Всё началось с нелепой критической заметки. В январе 1873 года в газете “Голос” появилась статья, автор которой сравнивал только что опубликованные первые выпуски “Дневника писателя” Достоевского с гоголевскими “Записками сумасшедшего” в следующей нелестной манере:
«„Дневник писателя“ <…> напоминает известные записки, оканчивающиеся восклицанием: „А все-таки у алжирского бея на носу шишка!“ Довольно взглянуть на портрет автора „Дневника писателя“, выставленный в настоящее время в Академии художеств, чтобы почувствовать к г-ну Достоевскому ту самую „жалостливость“, над которою он так некстати глумится в своём журнале. Это портрет человека, истомлённого тяжким недугом»

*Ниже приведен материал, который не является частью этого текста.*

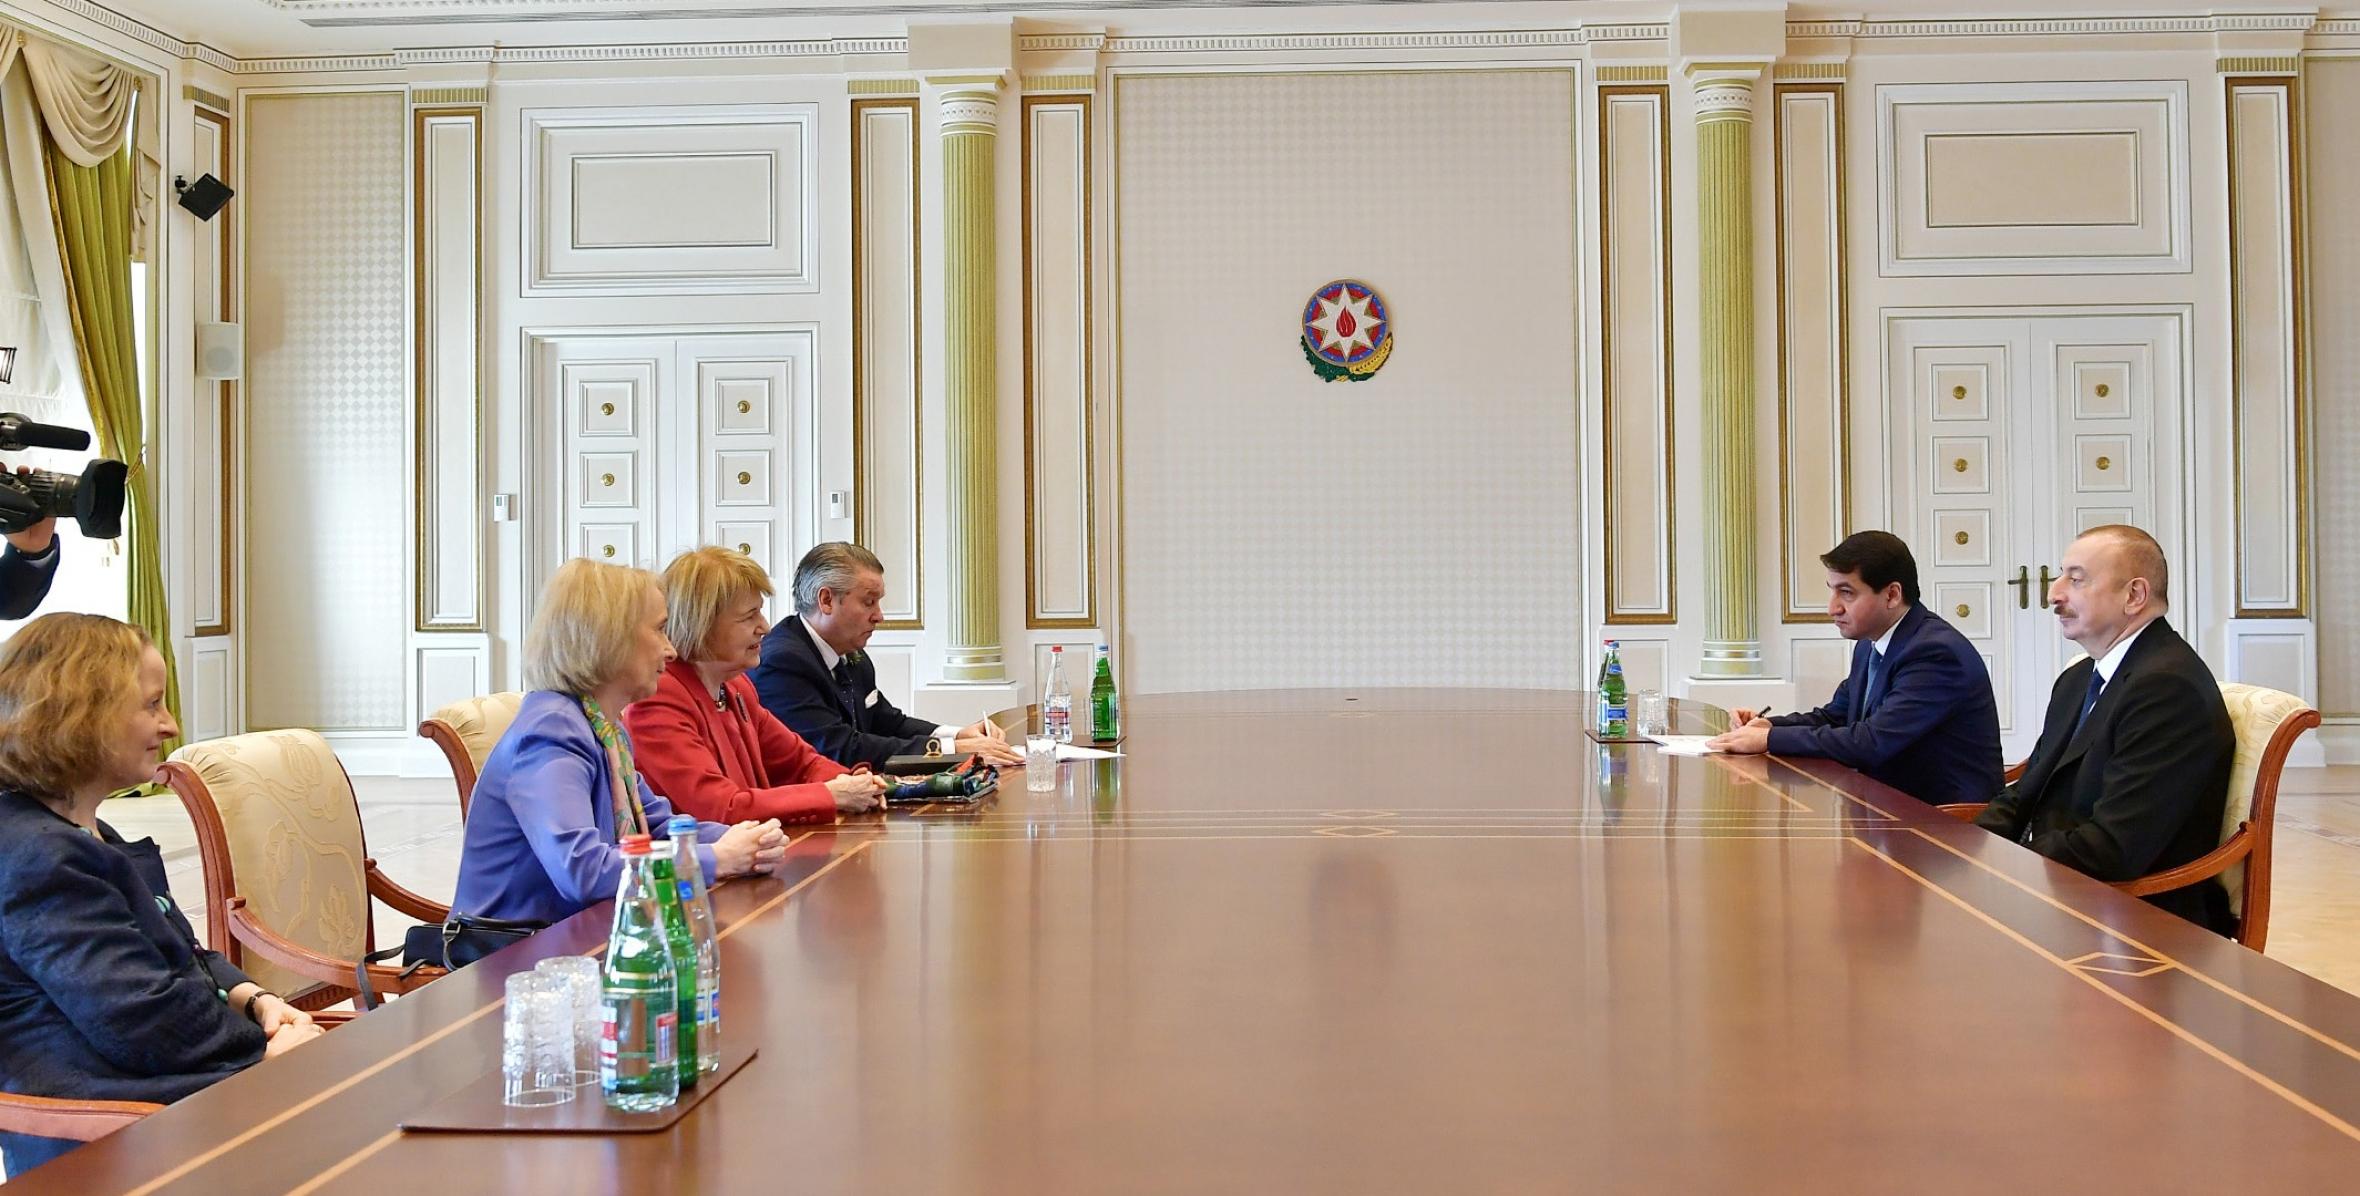 Ilham Aliyev received UK Prime Minister's Trade Envoy to Azerbaijan

Уже через месяц Достоевский печатает фантастический, слегка абсурдный рассказ “Бобок”, главный герой которого говорит:
Списал с меня живописец портрет из случайности: „Всё-таки ты, говорит, литератор“. Я дался, он и выставил. Читаю: „Ступайте смотреть на это болезненное, близкое к помешательству лицо“. Оно пусть, но ведь как же, однако, так прямо в печати?
Этим намёком автор не ограничивается. Он подхватывает идею критика и действительно пишет рассказ в духе “Записок сумасшедшего”. Талантливый писатель и из насмешки умеет извлечь пользу.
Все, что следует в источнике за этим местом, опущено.